Ingredients for - Tuna and Vegetable Casserole

1. Egg noodles - ½ (12 ounce) package
2. 1-inch pieces fresh-cut green beans - 1 cup
3. Bite-size summer squash pieces - 1 cup
4. Frozen peas - 1 cup
5. Sliced carrots - 1 cup
6. Olive oil - 1 teaspoon
7. Sliced fresh mushrooms - 1 cup
8. Condensed cream of mushroom soup - 1 (10.75 ounce) can
9. 2% milk - ⅓ cup
10. Albacore tuna, drained and broken into chunks - 1 (7 ounce) can
11. Onion, chopped - ½
12. Shredded Cheddar cheese - ½ cup
13. Worcestershire sauce - 1 tablespoon
14. Salt and ground black pepper to taste - 1 tablespoon
15. French-fried onions (such as French's®) - 1 cup

How to cook deliciously - Tuna and Vegetable Casserole

1. Stage

Bring a large pot of lightly salted water to a boil.
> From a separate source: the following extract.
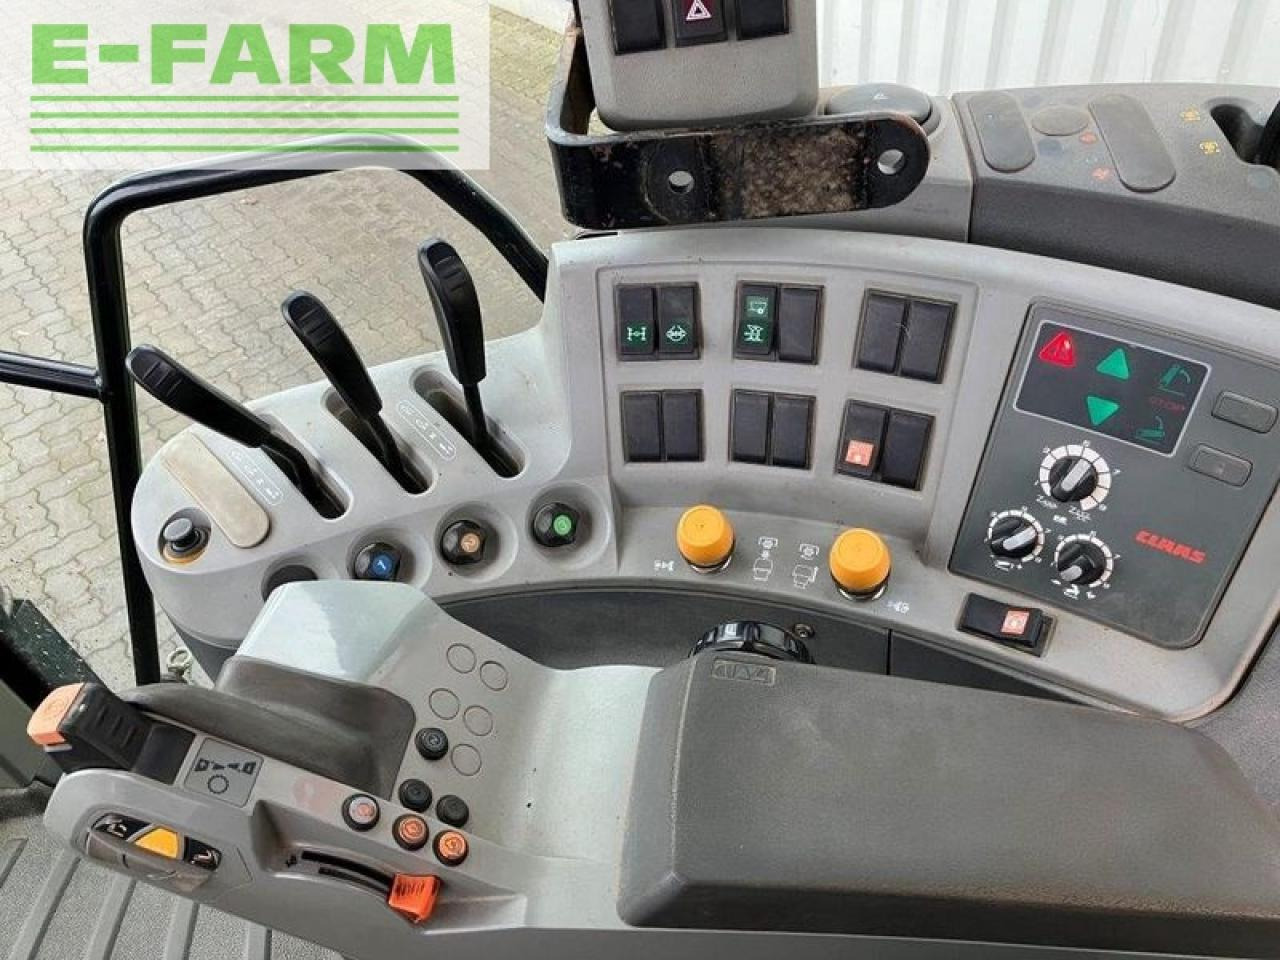 Tractor CLAAS arion 640 cis
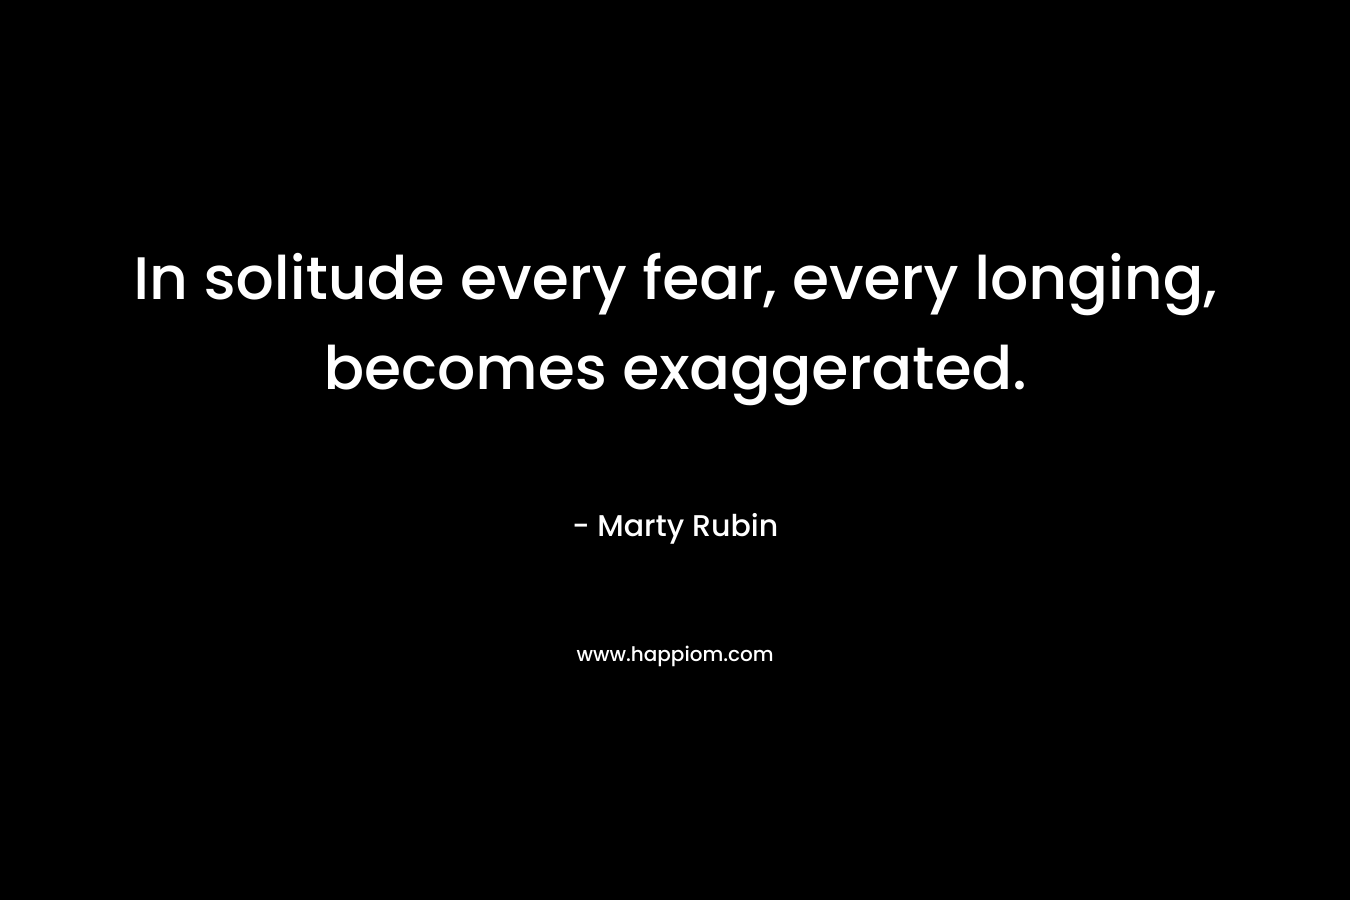 In solitude every fear, every longing, becomes exaggerated. – Marty Rubin

Cook egg noodles in boiling water, occasionally stirring until cooked through but firm to the bite, about 5 minutes. Drain.

2. Stage

Preheat the oven to 425 degrees F (220 degrees C).

3. Stage

Combine green beans, squash, peas, and carrots in a microwave-safe glass or ceramic bowl; cook until tender, 3 to 10 minutes. Rinse vegetables with cold water and drain.

4. Stage

Heat olive oil in a skillet over medium-high heat; sauté mushrooms in hot oil until tender, 5 to 7 minutes.

5. Stage

Whisk mushroom soup and milk together in a large bowl; add vegetables, mushrooms, tuna, onion, and Cheddar cheese. Mix in Worcestershire sauce, salt, and black pepper. Pour mixture into a casserole dish and top with French fried onions.

6. Stage

Bake in the preheated oven until bubbling, about 20 minutes.